However if there is a right of way through private land to get access to public land, who has the responsibility to maintain the right of way? The feds do not like to maintain roads, and if the private landowner maintains the right of way then they should get compensated for maintaining the road. 

How about if the landowner could charge a toll?

Just a couple of other things to think about.


----------



## Lonetree (Dec 4, 2010)

bowgy said:


> If it is a "right of way" then it should not be blocked.
> 
> However if there is a right of way through private land to get access to public land, who has the responsibility to maintain the right of way? The feds do not like to maintain roads, and if the private landowner maintains the right of way then they should get compensated for maintaining the road.
> 
> ...


Typically the right of ways through private to public are county right of ways, so some are maintained on a county level. There is no responsibility to maintain the right of way, unless said county wants to. Which is the funny thing about a lot of RS2477 claims. They claimed by the county, but the county let the routes go away decades ago when they did not maintain them, that is both legally and physically.

Land owners could charge a toll on private routes, but not on public right of ways.


----------



## bowgy (Oct 10, 2007)

Lonetree said:


> Typically the right of ways through private to public are county right of ways, so some are maintained on a county level.
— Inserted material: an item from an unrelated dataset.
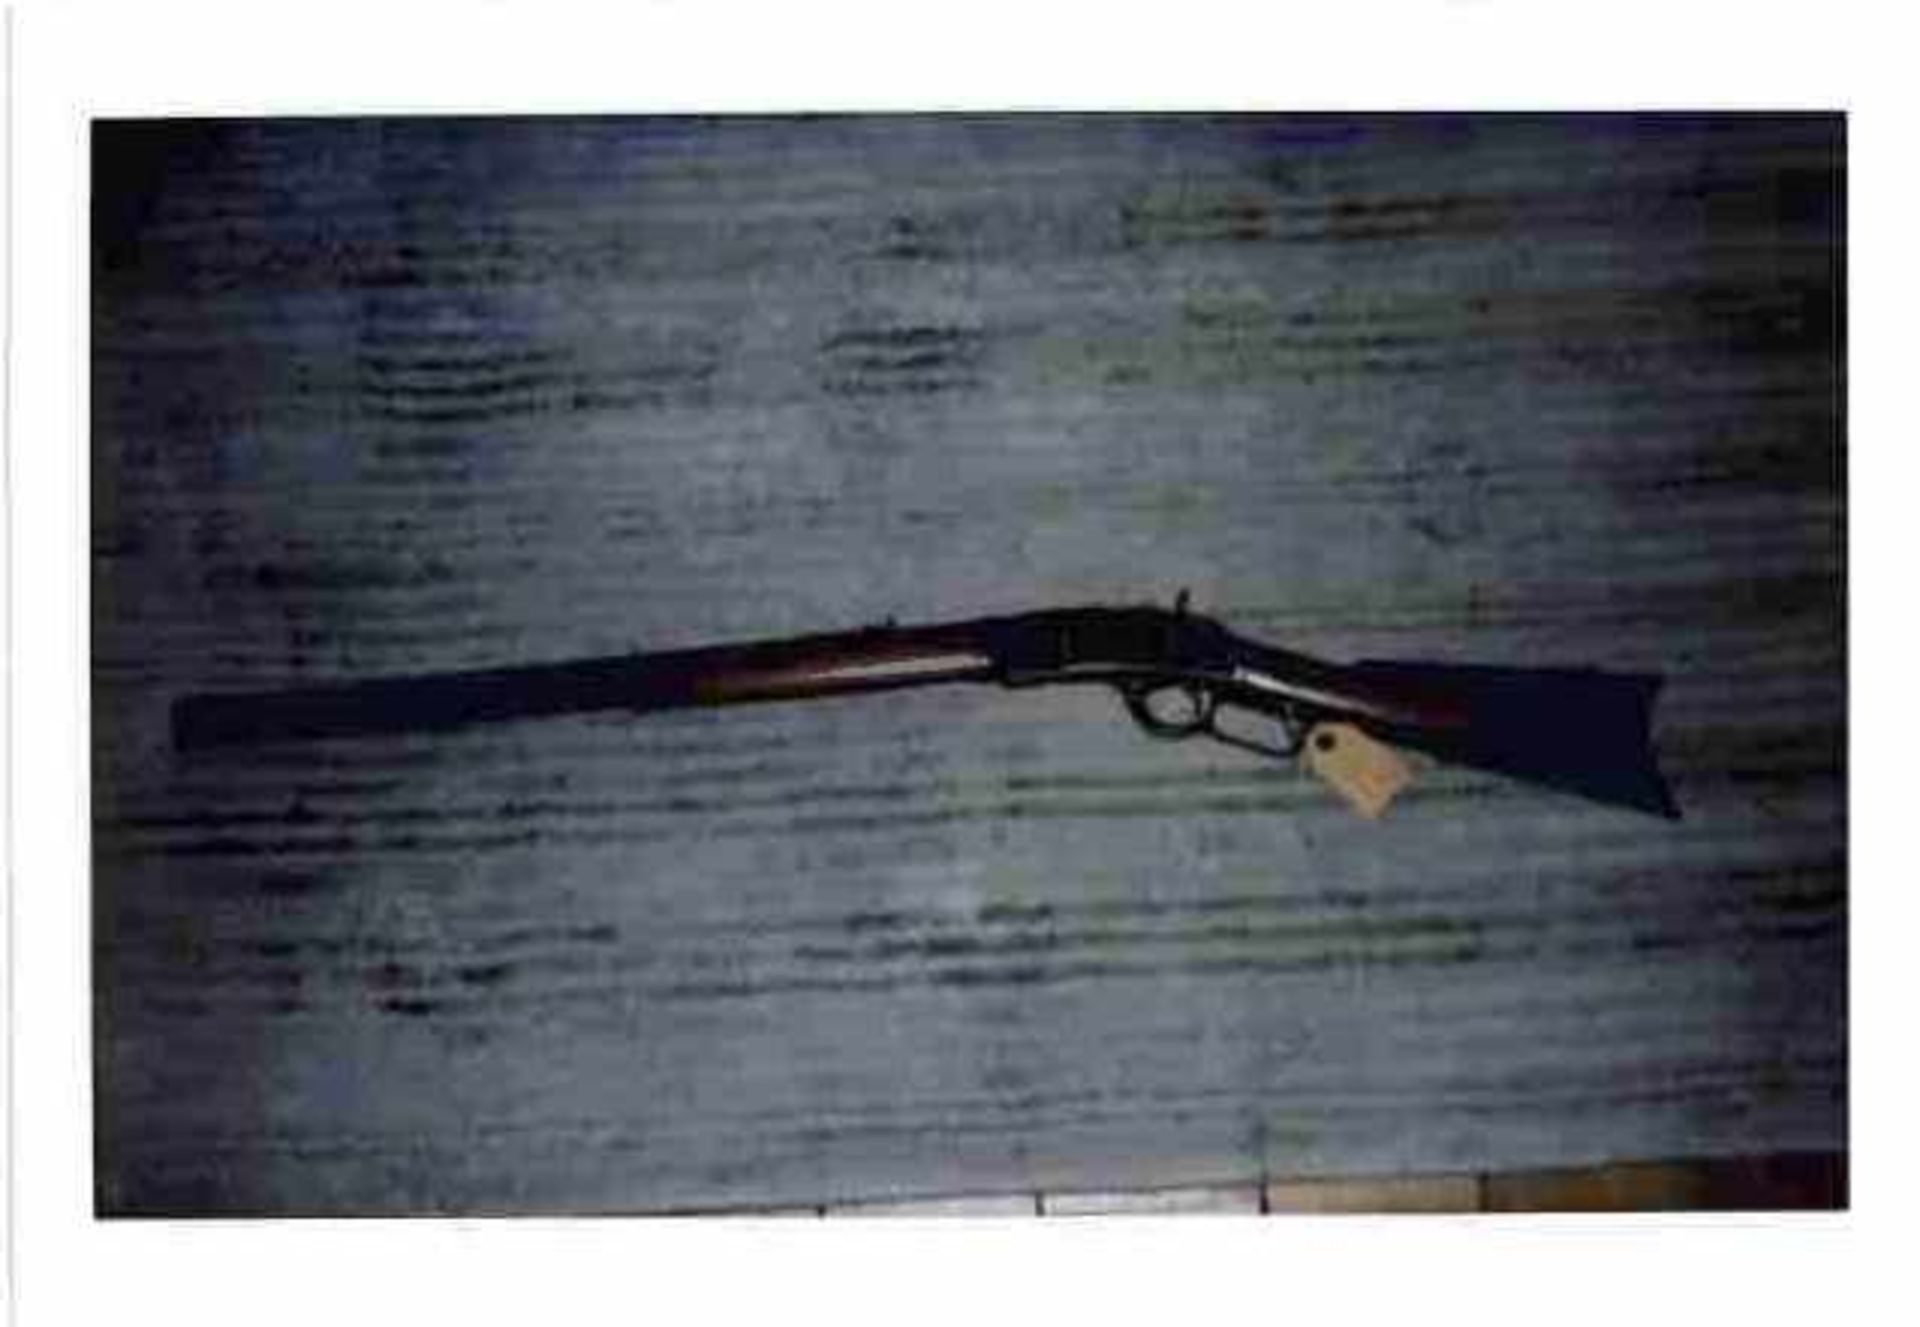 Carabine Winchester 1873 Catégorie D. Crosse bois, modèle 1873. Numéro de série 218925B . A noter
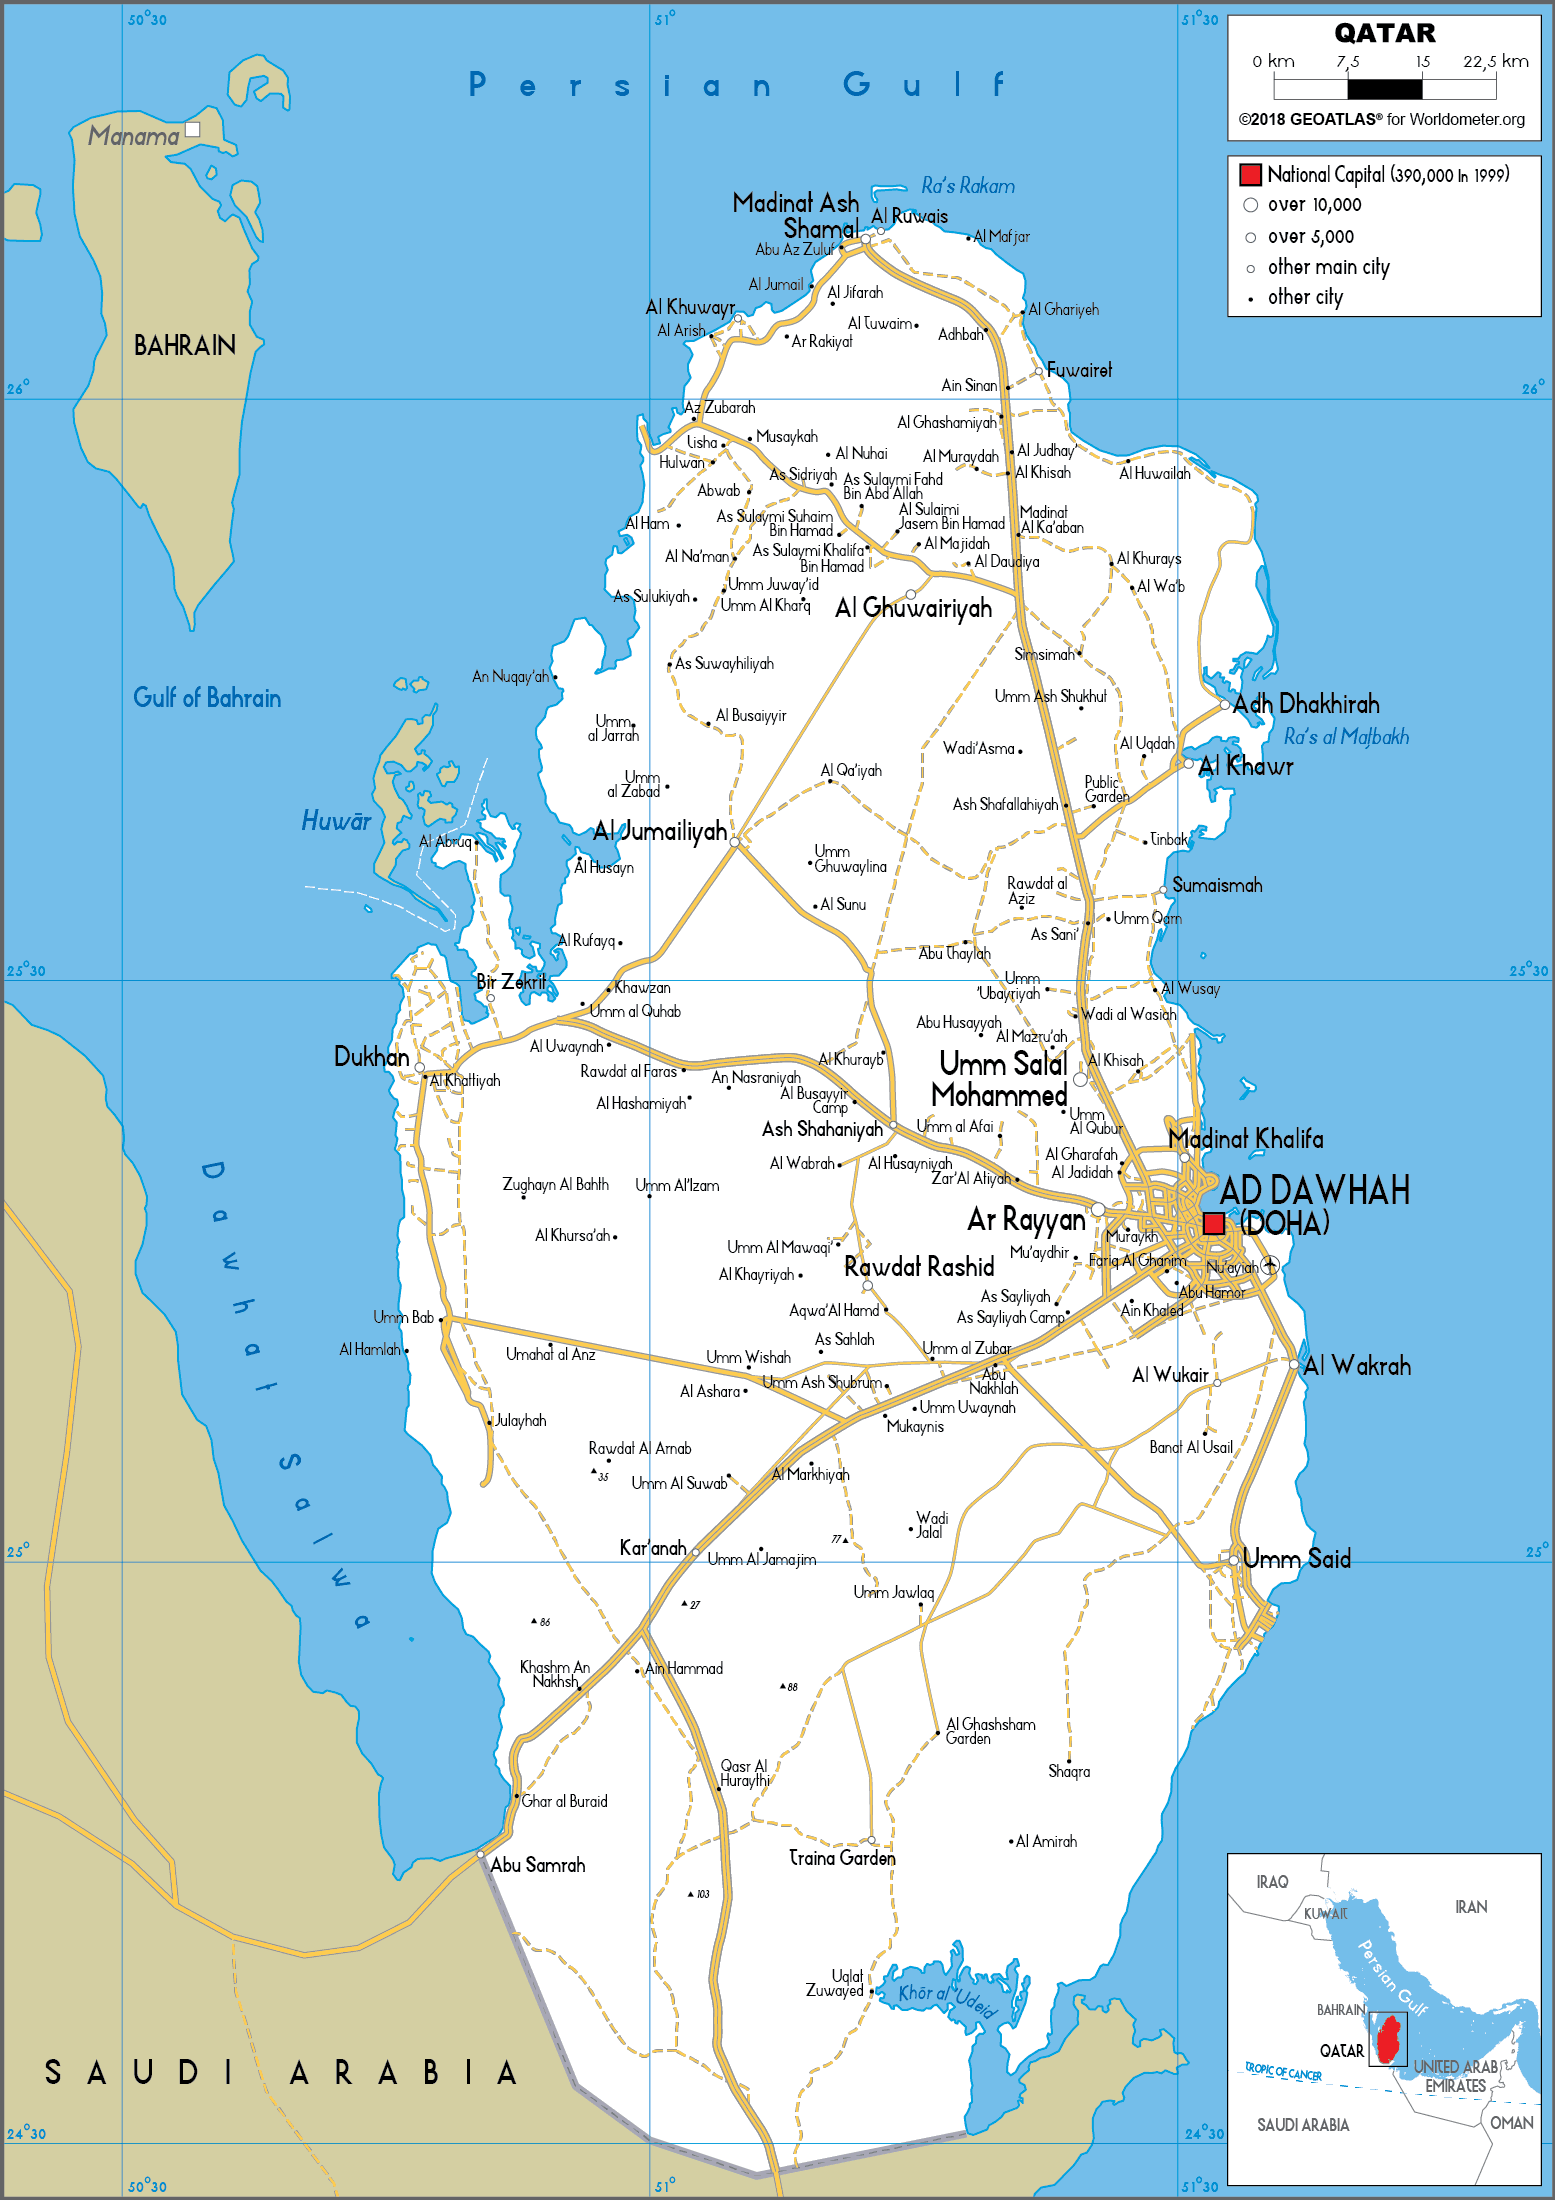 Bạn muốn tìm hiểu thêm về đất nước Qatar trong chuyến đi sắp tới? Hãy xem bản đồ Qatar để có cái nhìn toàn cảnh về đất nước này và lên kế hoạch cho hành trình của mình.

There is no responsibility to maintain the right of way, unless said county wants to. Which is the funny thing about a lot of RS2477 claims. They claimed by the county, but the county let the routes go away decades ago when they did not maintain them, that is both legally and physically.
> 
> Land owners could charge a toll on private routes, but not on public right of ways.


One of the reasons I brought this up is that we have a road that goes through several properties that the county used to maintain, the county road superintendent researched his data base and found out that they had no responsibility to maintain the road and it only accessed private ground and did not pass through any public land and therefore they stopped maintaining it. The first land owner after leaving public land put in a gate and locked it only giving access to the private landowners.

The section that went through our land got pretty bad without the county maintaining it and almost became impassable, I spent several thousand dollars to repair and gravel that section.

That is why I asked who should pay for maintaining a right of way.


----------